Created/expanded by Prioryman (talk). Self nom at 23:49, 5 April 2012 (UTC)
- I'll try and do this later. Crisco 1492 (talk) 12:23, 8 April 2012 (UTC)
- Hook: Interesting, short enough, cited.
- Article: New enough, long enough based on pre-expansion version (an old version seems to have been much longer but since trimmed). Those fair-use posters should be trimmed, as they seem like decoration and do not have FURs. The text in the last paragraph of #Themes is unencyclopedic in style. Check for use of language ("burden of white people"? not encyclopedic. I'm worried this may have close paraphrasing issues due to the writing style, but cannot access the offline sources.
- Major text and image issues Crisco 1492 (talk) 12:52, 8 April 2012 (UTC)

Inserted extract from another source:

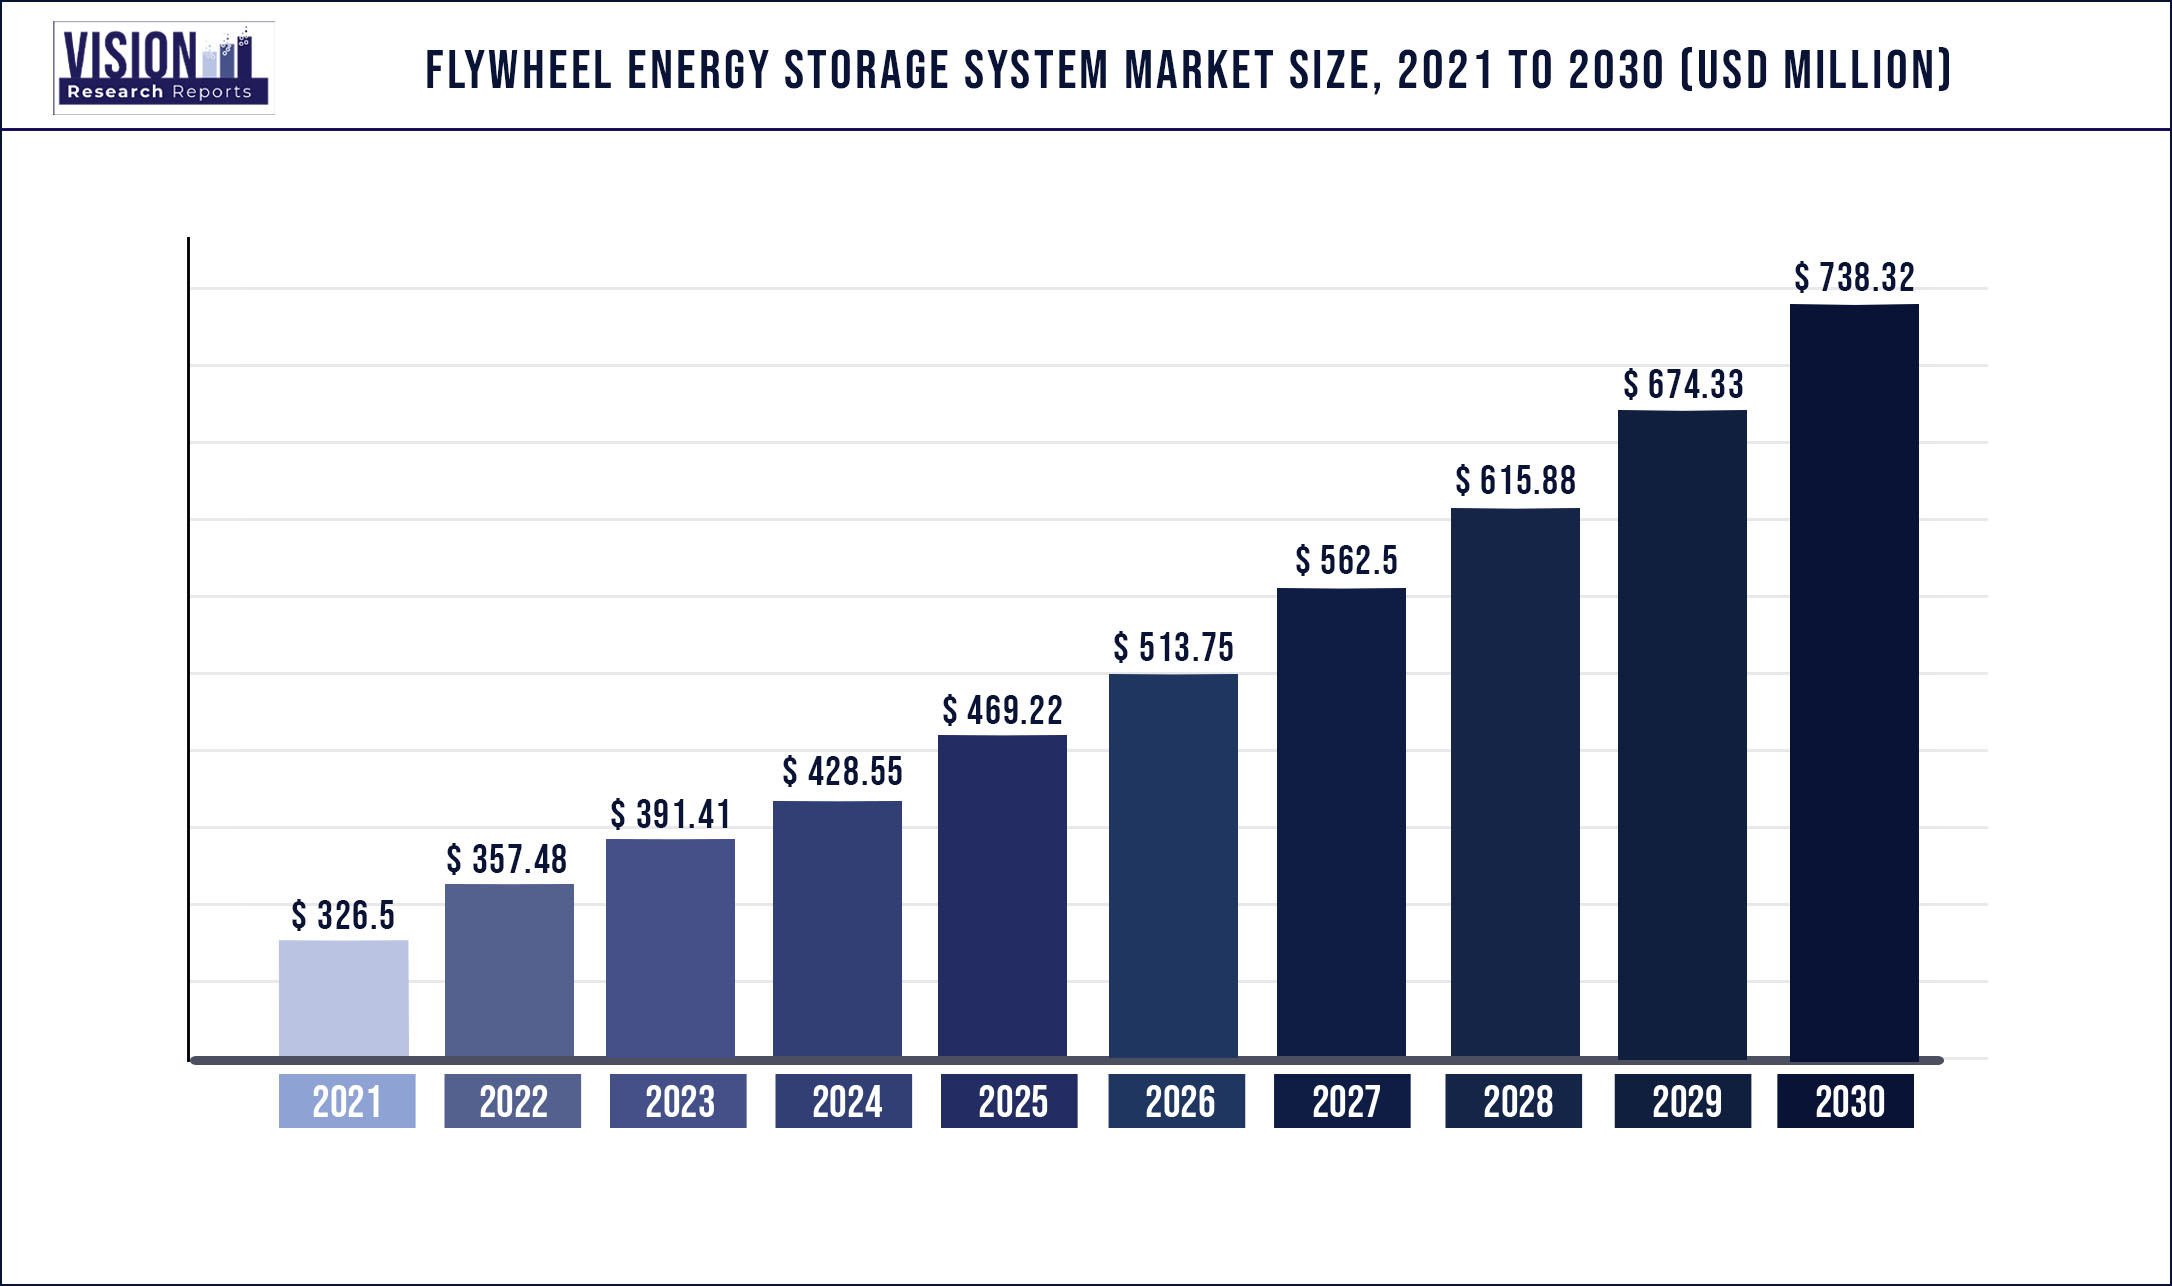 Flywheel Energy Storage System Market Size 2021 to 2030

- Thanks for your feedback. I've removed the fair-use posters and reworded the last paragraph of #Themes. The "burden of white people" line reflects the original source. (Without close paraphrasing, I might add - the original says "when the white folks go under". "White folks" is too colloquial for my liking, so I didn't use that wording.) Prioryman (talk) 18:01, 8 April 2012 (UTC)
- "Burden of white people" comes across as POV, as a burden is essentially something that is heavy and useless. A couple phrasings like this need to be checked. Crisco 1492 (talk) 22:47, 8 April 2012 (UTC)
- Well yes, that's the whole point - it's the old ship of fools allegory. I've reworded it, anyway, but it would help if you could identify the "couple phrasings like this" that you are concerned about. You're being a bit vague about what exactly it is that you don't like about this article, which doesn't help when it comes to resolving issues. Please be specific. Prioryman (talk) 15:13, 9 April 2012 (UTC)
- As one should understand NPOV. Here's another couple: "great ship", "radically different", "A concrete (or perhaps icy)" (not encyclopedic to have puns in the article). Crisco 1492 (talk) 22:45, 9 April 2012 (UTC)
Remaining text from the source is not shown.